Altogether, that research, funded by the U.S. Fish & Wildlife Service, has enabled Tippery and his students to calculate how long it will take for individual populations to replace themselves and determine what the future will look like for Fassett's locoweed in Wisconsin.

Building on their research results, Tippery and his students are using seed and soil collected in 2015 to raise plants in a growth chamber on campus where they can carefully control light and other factors.

"We're hoping that we can give these plants an edge by starting them earlier so they have a more developed root system by the time they're planted," Tippery says.

Their past research has suggested that competition from other plants, particularly invasive species, is a significant threat to Fassett's locoweed populations. Extreme fluctuations in lake levels are also a problem, he says.

There's a sweet spot for the plant when it comes to lake levels. The plant thrives in a sparsely vegetated area near the water's edge. Periodic years of high water can kill competing plants, allowing Fassett's locoweed to capitalize because of its high seed production and hardy, long-lasting seeds. But in recent years, water levels have been so high that they killed almost all plants, including Fassett's locoweed, Tippery says.

Animals grazing the plants can also be a problem, as the students discovered in 2016, when animals, likely deer, had eaten virtually all of the reproductive stalks.

The students' work to germinate and grow the plants in the lab can help unlock more information to help steer efforts to manage their habitat, Tippery says.

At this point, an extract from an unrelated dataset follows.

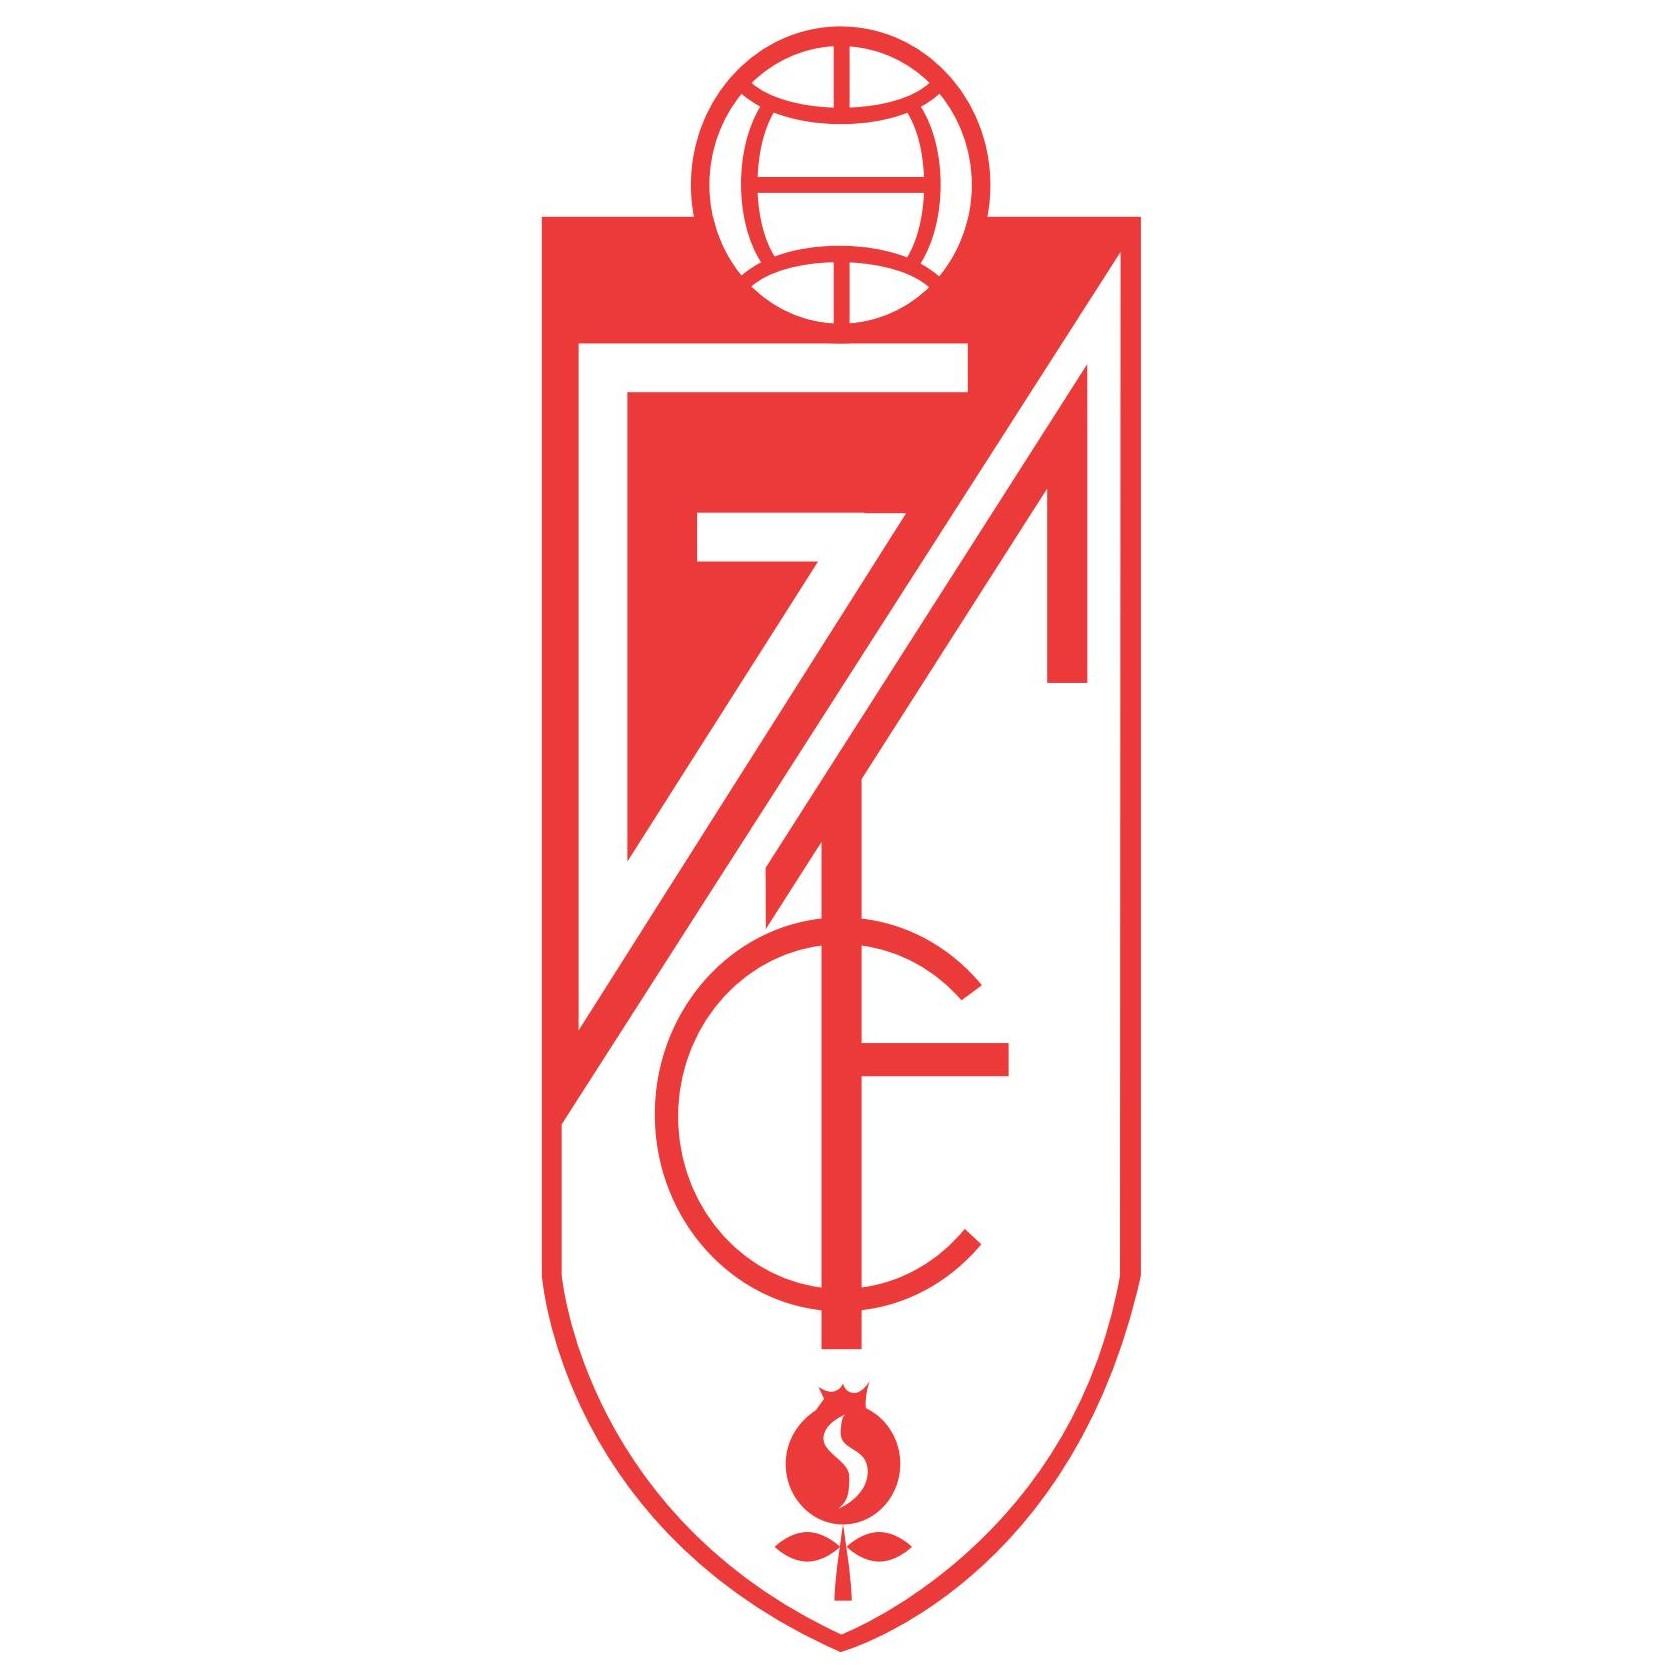 تاريخ وأنجازات نادي غرناطة الأسباني

"One thing that's been a missing piece of the puzzle is it's hard to know what happens to the seeds once they go into the soil," he says. "There's also a gray area on seedling survival. By taking seeds to the lab and germinating them up we can perhaps see more of what influences germination and seedling survival."

Ultimately, Tippery says, "We hope we can accelerate the restoration back to what things were."